The AMT1 arginine methyltransferase gene is important for plant infection and normal hyphal growth in Fusarium graminearum.

机构信息

College of Plant Protection, Northwest A&F University, Yangling, Shaanxi, China.

出版信息

PLoS One. 2012;7(5):e38324. doi: 10.1371/journal.pone.0038324. Epub 2012 May 31.

DOI:10.1371/journal.pone.0038324
PMID:22693618
原文链接:https://pmc.ncbi.nlm.nih.gov/articles/PMC3365026/
Abstract

Arginine methylation of non-histone proteins by protein arginine methyltransferase (PRMT) has been shown to be important for various biological processes from yeast to human. Although PRMT genes are well conserved in fungi, none of them have been functionally characterized in plant pathogenic ascomycetes. In this study, we identified and characterized all of the four predicted PRMT genes in Fusarium graminearum, the causal agent of Fusarium head blight of wheat and barley. Whereas deletion of the other three PRMT genes had no obvious phenotypes, the Δamt1 mutant had pleiotropic defects. AMT1 is a predicted type I PRMT gene that is orthologous to HMT1 in Saccharomyces cerevisiae. The Δamt1 mutant was slightly reduced in vegetative growth but normal in asexual and sexual reproduction. It had increased sensitivities to oxidative and membrane stresses. DON mycotoxin production and virulence on flowering wheat heads also were reduced in the Δamt1 mutant. The introduction of the wild-type AMT1 allele fully complemented the defects of the Δamt1 mutant and Amt1-GFP fusion proteins mainly localized to the nucleus. Hrp1 and Nab2 are two hnRNPs in yeast that are methylated by Hmt1 for nuclear export. In F. graminearum, AMT1 is required for the nuclear export of FgHrp1 but not FgNab2, indicating that yeast and F. graminearum differ in the methylation and nucleo-cytoplasmic transport of hnRNP components. Because AMT2 also is a predicted type I PRMT with limited homology to yeast HMT1, we generated the Δamt1 Δamt2 double mutants. The Δamt1 single and Δamt1 Δamt2 double mutants had similar defects in all the phenotypes assayed, including reduced vegetative growth and virulence. Overall, data from this systematic analysis of PRMT genes suggest that AMT1, like its ortholog in yeast, is the predominant PRMT gene in F. graminearum and plays a role in hyphal growth, stress responses, and plant infection.

摘要

精氨酸甲基化的非组蛋白蛋白质的蛋白质精氨酸甲基转移酶(PRMT)已被证明是重要的各种生物过程从酵母到人。

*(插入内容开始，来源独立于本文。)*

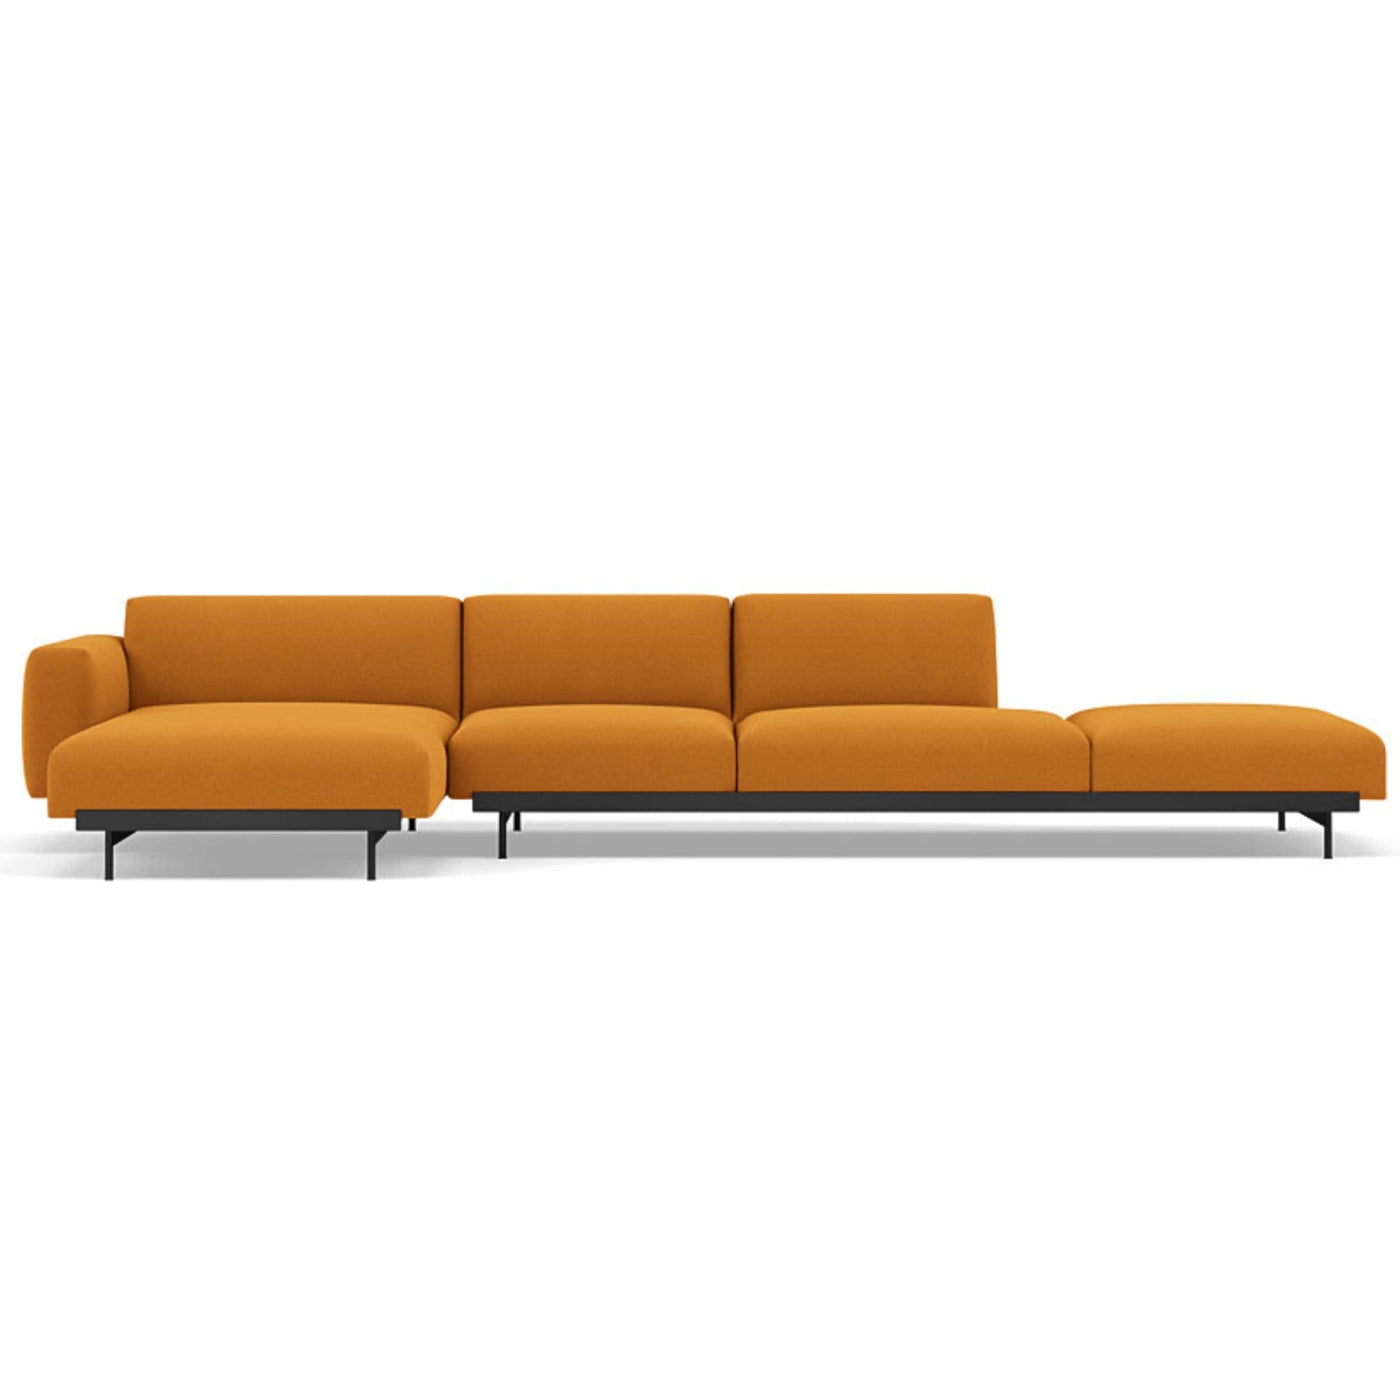 Muuto In Situ Modular 4 Seater Sofa configuration 5 in vidar 472. Made to order from someday designs. #colour_vidar-472
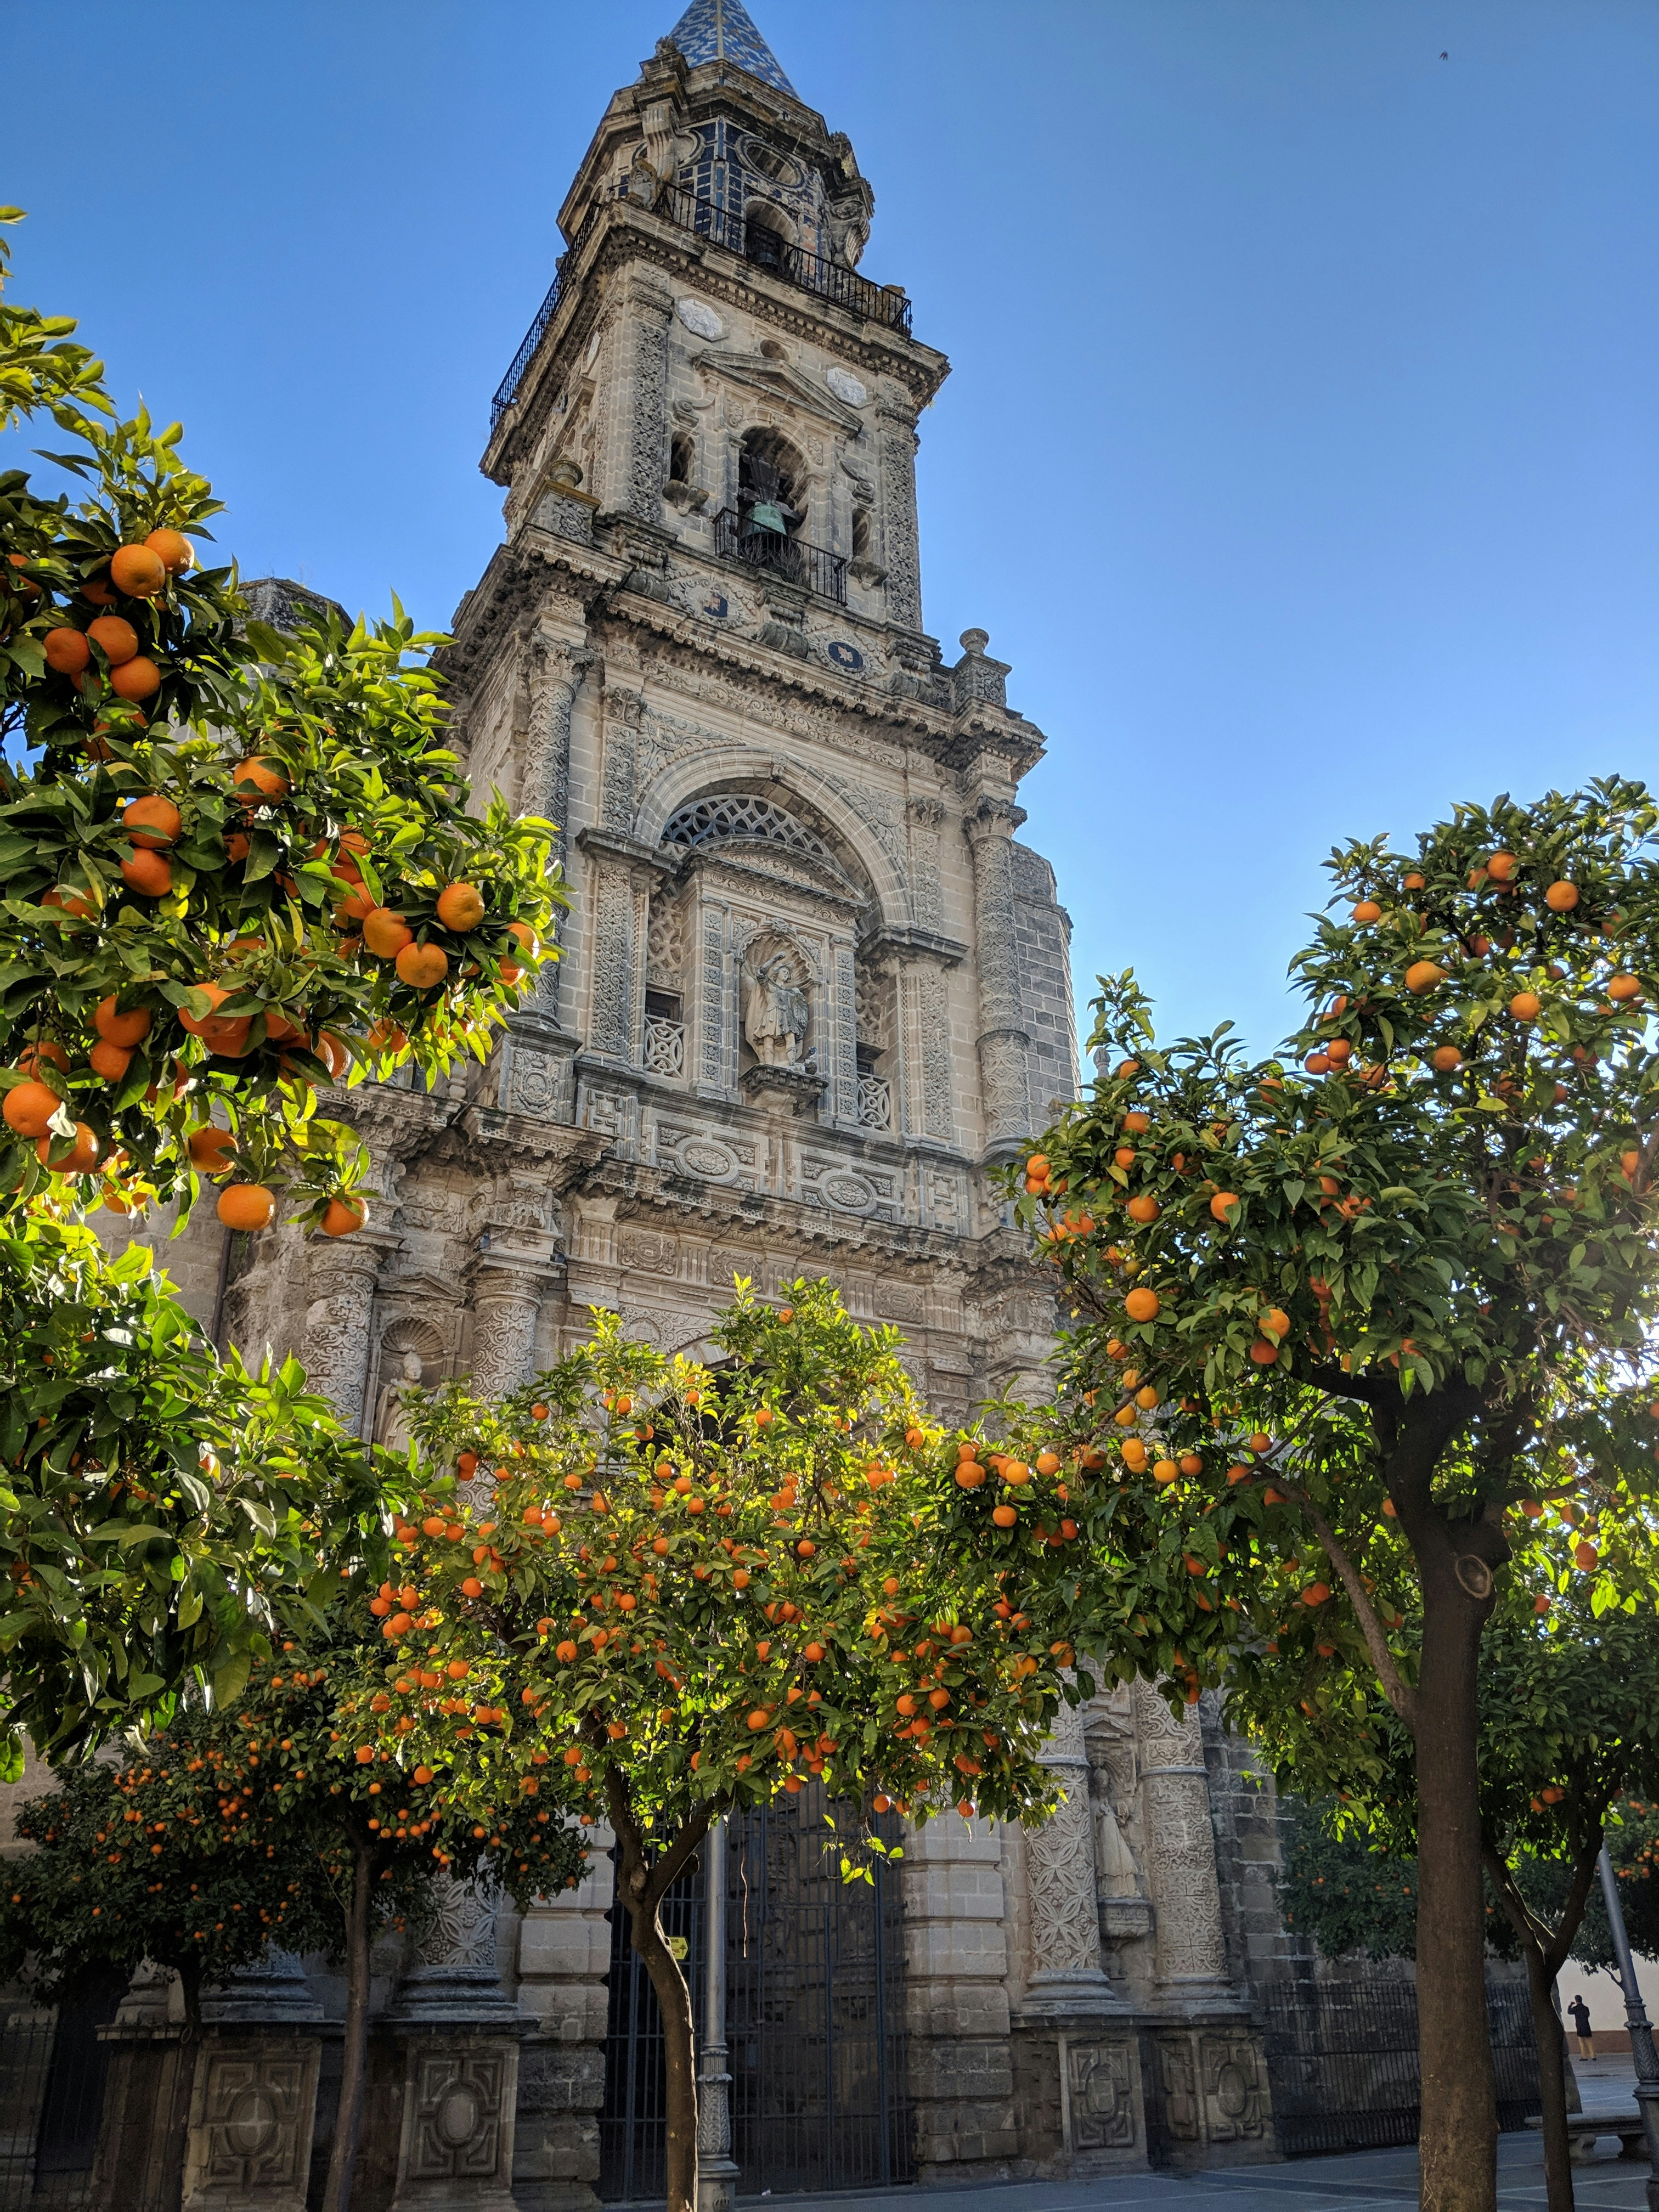 Church in Jerez de la Frontera with orange trees in a courtyard

虽然 PRMT 基因在真菌中很好地保守,但在植物病原有丝分裂真菌中,没有一个基因被功能表征。在这项研究中,我们鉴定并表征了在小麦赤霉病和大麦赤霉病病原菌禾谷镰刀菌中所有四个预测的 PRMT 基因。虽然删除其他三个 PRMT 基因没有明显的表型,但Δamt1 突变体表现出多种缺陷。AMT1 是一个预测的 I 型 PRMT 基因,与酿酒酵母中的 HMT1 同源。Δamt1 突变体在营养生长中略有减少,但在无性和有性繁殖中正常。它对氧化和膜应激的敏感性增加。DON 真菌毒素的产生和在开花小麦穗上的毒力也在Δamt1 突变体中降低。野生型 AMT1 等位基因的引入完全弥补了Δamt1 突变体的缺陷,Amt1-GFP 融合蛋白主要定位于细胞核。Hrp1 和 Nab2 是酿酒酵母中的两个 hnRNPs,它们被 Hmt1 甲基化以进行核输出。在禾谷镰刀菌中,AMT1 是 FgHrp1 的核输出所必需的,但不是 FgNab2,这表明酵母和禾谷镰刀菌在 hnRNP 成分的甲基化和核质转运方面存在差异。因为 AMT2 也是一个预测的 I 型 PRMT,与酵母 HMT1 有有限的同源性,所以我们生成了Δamt1Δamt2 双突变体。在所有测定的表型中,Δamt1 单突变体和Δamt1Δamt2 双突变体的表型缺陷相似,包括营养生长和毒力降低。总的来说,对 PRMT 基因的系统分析数据表明,AMT1 与其在酵母中的同源物相似,是禾谷镰刀菌中的主要 PRMT 基因,在菌丝生长、应激反应和植物感染中发挥作用。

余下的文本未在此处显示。